Compared with OCO-2, OCO-3 (Orbiting Carbon Observatory-3) has added the SAM observation mode to explore observation paths different from the sun-synchronous orbit. The OCO-3 satellite was successfully launched in May 2019, and its sensor has the same spectral band as OCO-2. However, unlike the sun-synchronous near-polar orbit of OCO-2, OCO-3 is located in a low-Earth precession orbit with an inclination of 51.6°. The spatial resolution of the sensor has been slightly adjusted, and the accuracy of CO₂ inversion has also been improved, which is very helpful for monitoring CO₂ concentrations in mid- and low-latitude areas.

(3): GOSAT XCO₂ data

The GOSAT satellite, launched in January 2009, is the first satellite to feature high spectral resolution and broad spectral coverage. Its primary mission is to monitor the atmospheric concentrations of key greenhouse gases, including carbon dioxide (CO₂) and methane (CH₄) [20]. GOSAT is equipped with detectors TANSO (Thermal And Near-infrared Sensor for carbon Observation) and TANSO-2. The TANSO detector comprises a Fourier transform spectrometer (FTS) and a cloud and aerosol imager (CAI). TANSO-CAI is primarily used to correct for cloud and aerosol interference, as these atmospheric components can distort solar radiation measurements, leading to inaccuracies in XCO₂ data.
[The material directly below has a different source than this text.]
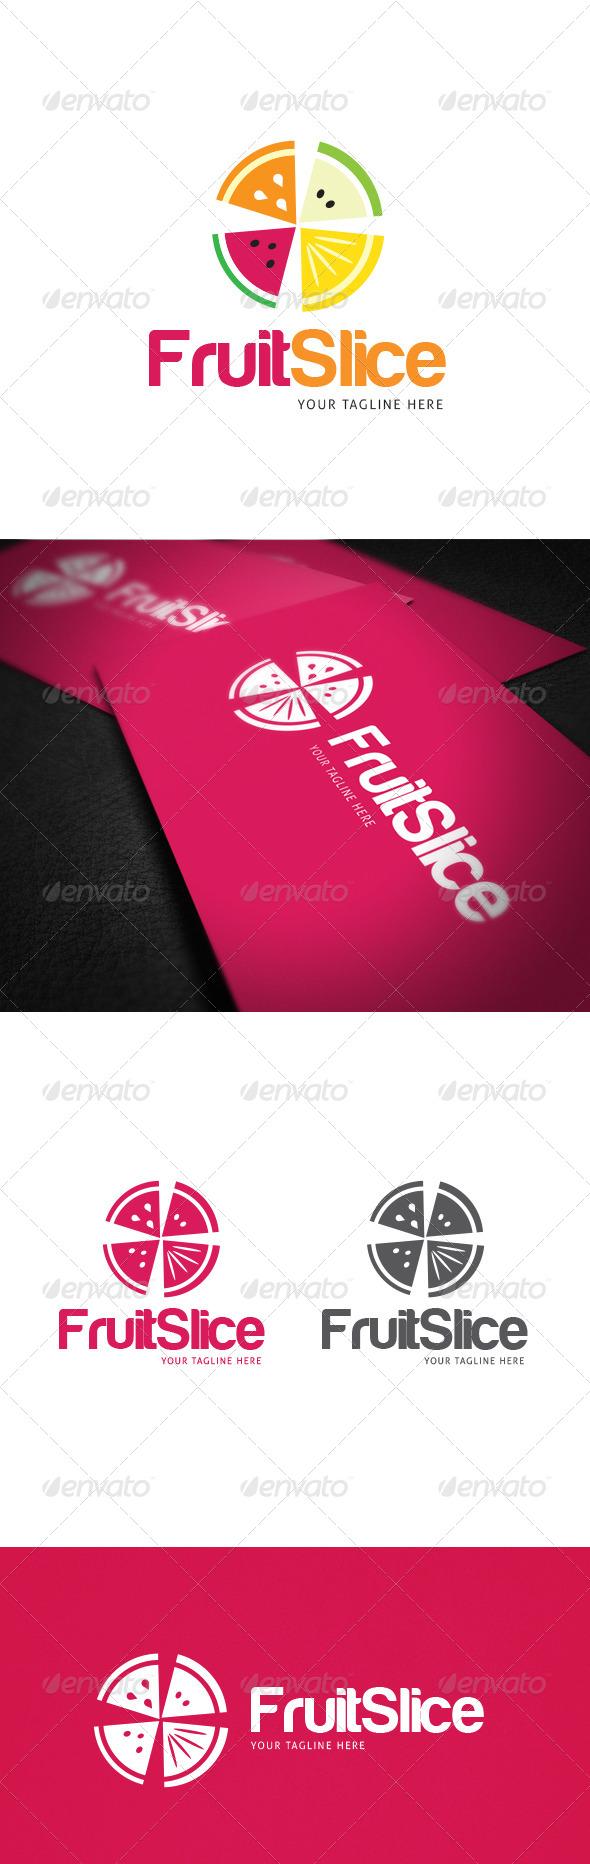 GraphicRiver Fruit Slice Logo Template 8021766
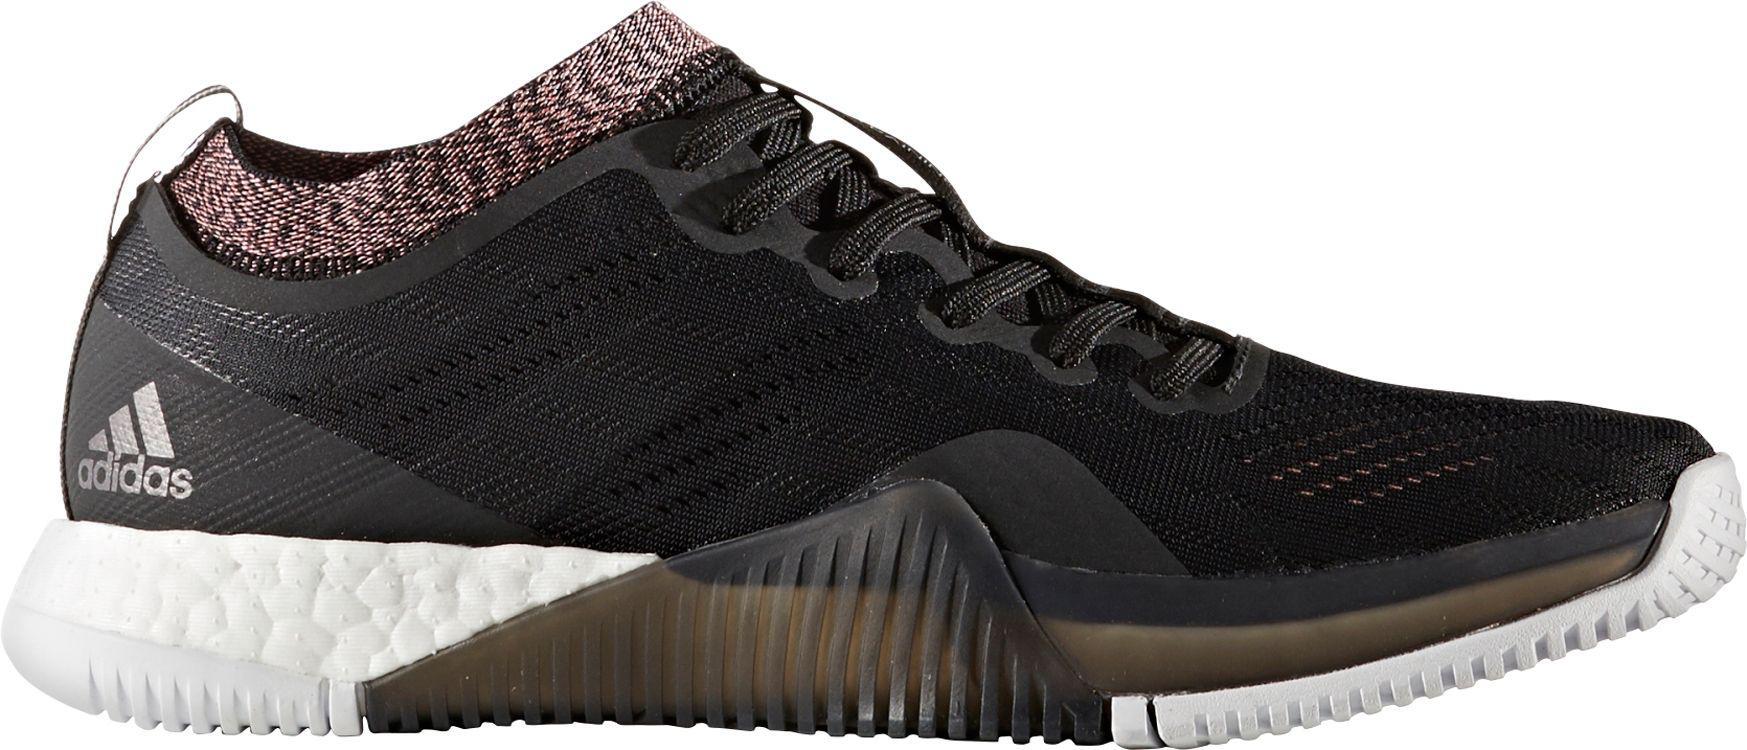 innovative design ab645 9e58b adidas Crazytrain Elite Training Shoes in Black - Lyst

(4): TCCON ground station data

The Total Carbon Column Observing Network (TCCON) is an internationally cooperative ground-based observation network composed of monitoring stations around the world, dedicated to accurately measuring greenhouse gas components in the atmosphere [21]. TCCON data are often used as a ground verification tool for satellite measurements due to their high accuracy and high temporal resolution, helping to evaluate and calibrate the accuracy of satellite observations. This paper selects the GGG2020 version of TCCON data, whose XCO₂ error is less than 0.25%, to evaluate its measurement accuracy and reliability. TCCON operates at two sites in China, Hefei (HF) and Xianghe (XH); the HF data are from November 2015 to December 2022, and the XH data are from June 2018 to December 2022. The specific TCCON ground site information is shown in Table 2.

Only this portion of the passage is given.